“Yeah,” Sheffield said. “Maybe Toole and the others shot each other all to pieces. Their sort does such things.”
Conn grunted at that. It was a thing to hope for.
He and Sheffield rode at the front of the posse, moving slowly but surely across the shadowed land toward their appointment with death.
The nature of that appointment seemed to be coming clearer to a few of the men. When Conn glanced back at them, theirfaces looked pale and sober. He reckoned the whiskey had worn off, and they were finally understanding the reality of what they’d signed up for.
To their credit, however, none of them turned back. They swallowed their fear and kept riding through the darkness.
That’s a funny thing about men, of course. Most, once committed to action, would rather get shot than turn away and be branded a coward by their peers.
Conn hoped he could count on them when the lead started to fly. As long as they stood their ground and fired back, it would be okay. He just hoped they didn’t buckle and retreat.
Nothing invites blood madness more than a retreating enemy.
He said none of this, committed to his course of action and knowing he needed their rifles.

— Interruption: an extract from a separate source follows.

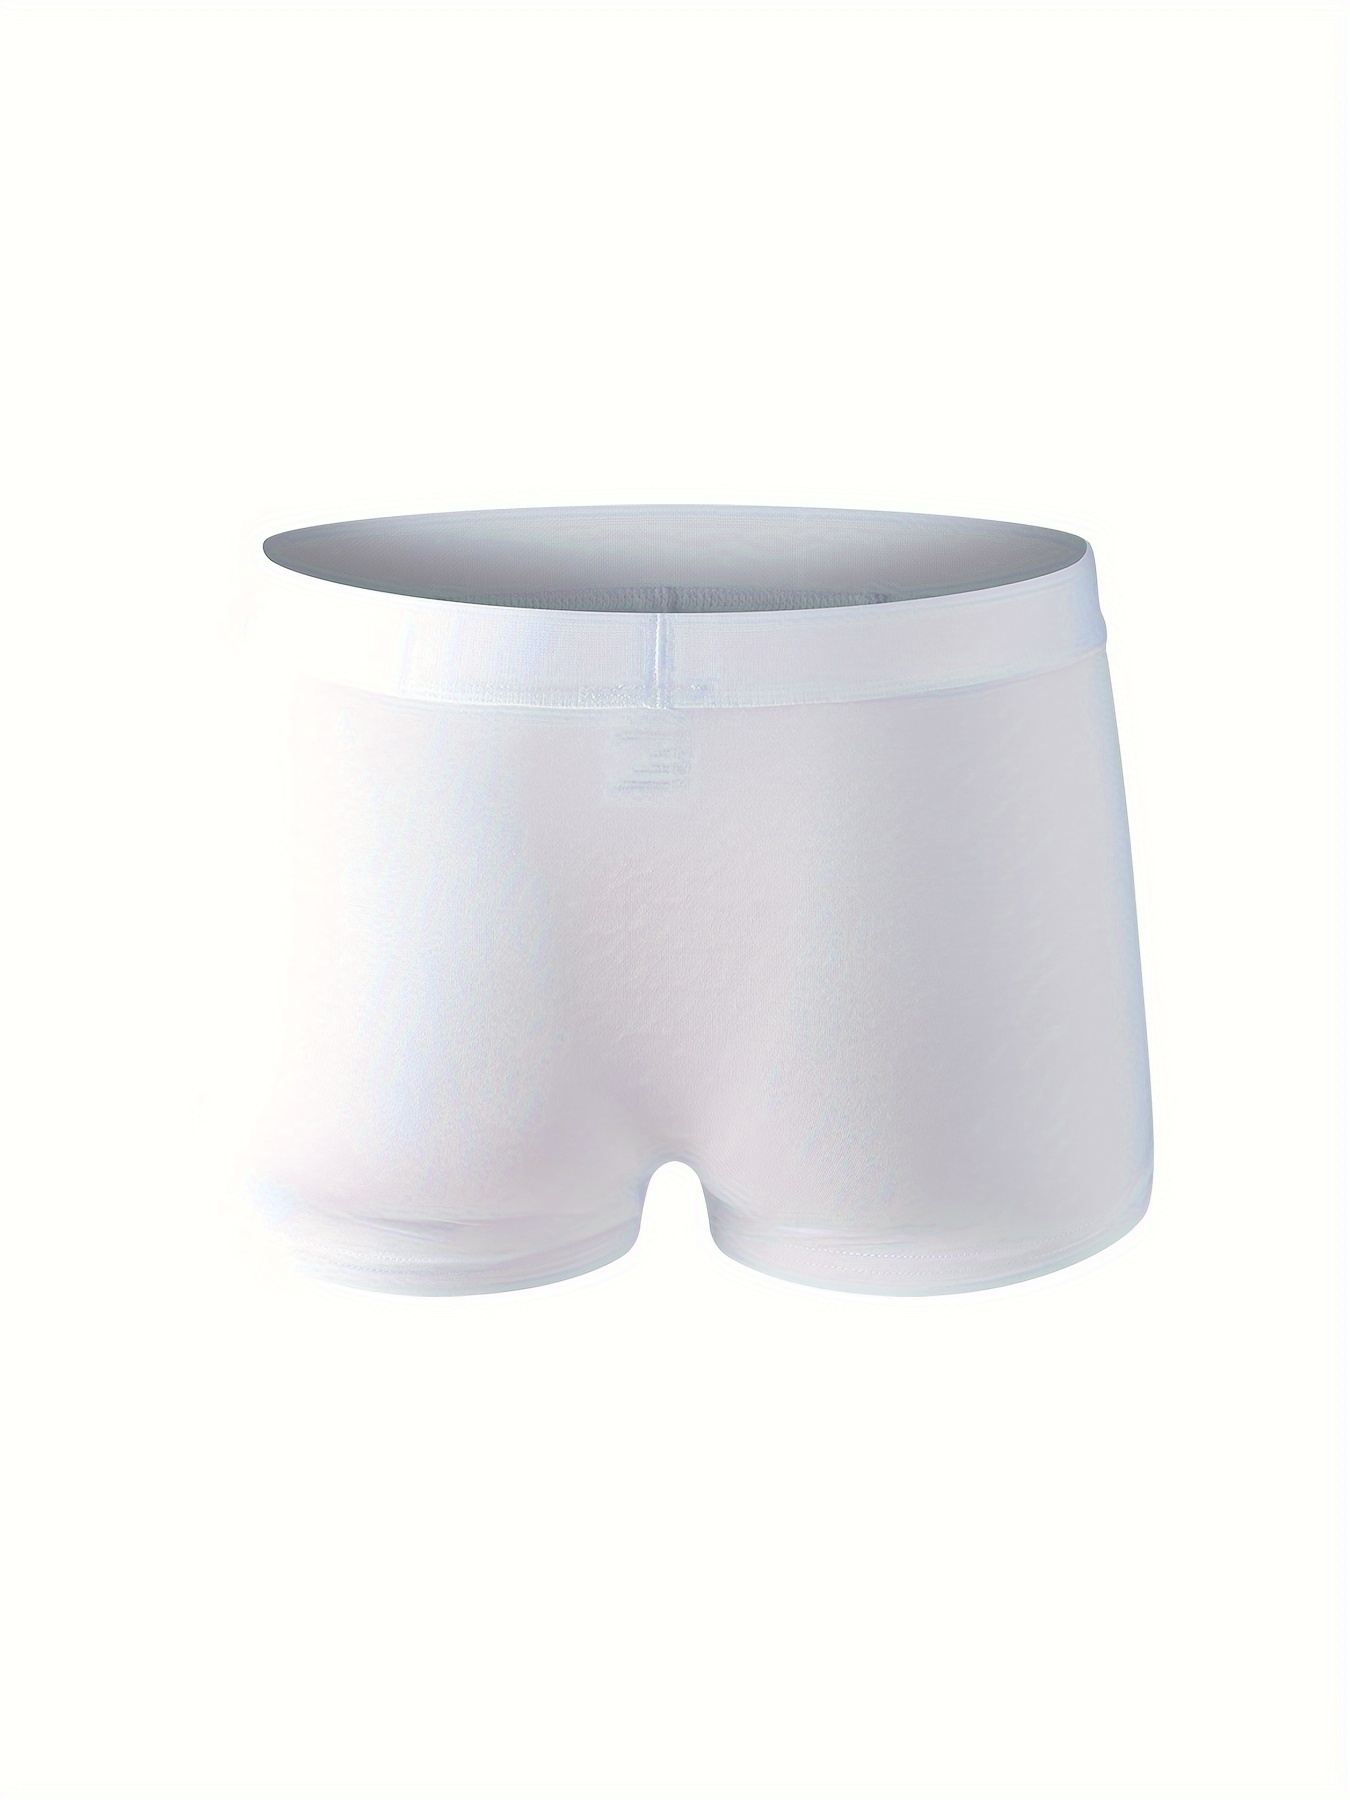 Men Underwear Modal Breathable Soft Trunk Underwear Boxer Brief

Clouds thickened overhead, creating longer stretches of pitch darkness, slowing them further.
When they reached the foot of the mountains, the road split. Sheffield pointed to the south, and they rode on.
A short distance later, a dark shape came into view beside a mountain stream. It was the abandoned cabin.

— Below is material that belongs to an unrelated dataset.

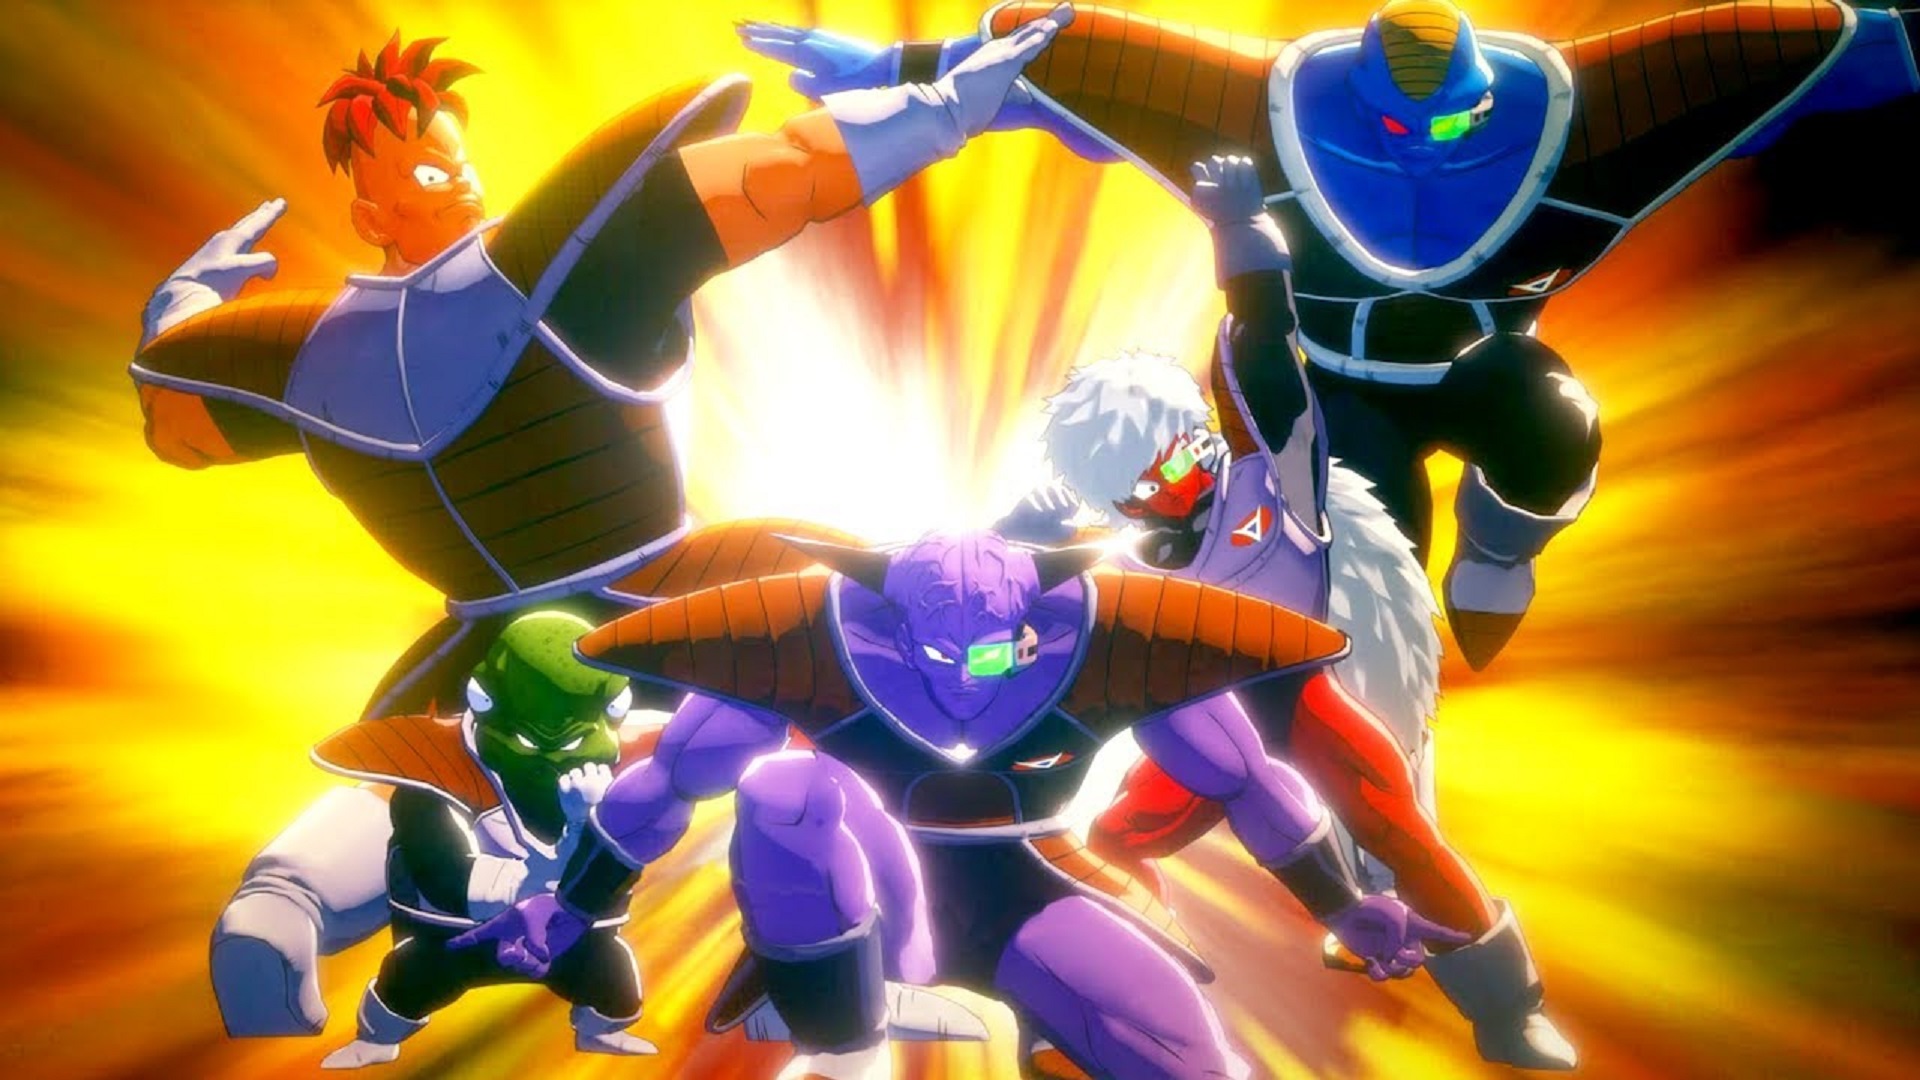 Uma teoria sugere que as poses engraçadas das forças Ginyu em Dragon Ball Z tinham uma grande utilidade

The men reined in, waiting for the clouds to break up and shed some light on the situation.
When shafts of moonlight broke through, they illuminated a squat, dark building with a tin roof. There were no horses hitched outside, no lights burning inside, and no smoke rising from the chimney.
Which didn’t mean much.
The outlaws could be in there, maybe sleeping, maybe lying in wait. Their horses could be hitched in the back out of sight.
Conn rode slowly forward, gripping the reins in one hand and the shotgun in the other.
Sheffield rode beside him, a lever-action rifle balanced across his lap. Moonlight hollowed his bony face and gleamed in his hard eyes.
They followed the tracks up to where a bunch of horses had approached the cabin. In the shifting moonlight, Conn saw that those tracks had, indeed, hooked around behind the building.
He stopped his horse and raised a fist in the air.
The others stopped and waited silently.
Conn swung down and landed light as a cat. Then he walked slowly forward, creeping toward the house with his shotgun at the ready.
All was silent. There was no movement anywhere. Even the wind had stopped, as if the whole world was holding its breath.
Reaching the house, Conn put his ear to the door and listened.
Nothing. Not even the scampering of mice.
From there, he went to the small side window, moving silently as a ghost.
Again, he listened. Again, silence reigned.
Walking around the back of the house, he heard nothing and saw no one, unless you counted the man lying dead upon the ground. His lifeless face gripped a shocked expression, as if the last thing he expected was to die this night.
He was a young man, maybe eighteen or nineteen, and he’d been shot in the chest. His arms were flung out. The blood glistened, black in the moonlight. There was a lot of it.
Beyond the dead man, Conn could see where the horses had ridden off.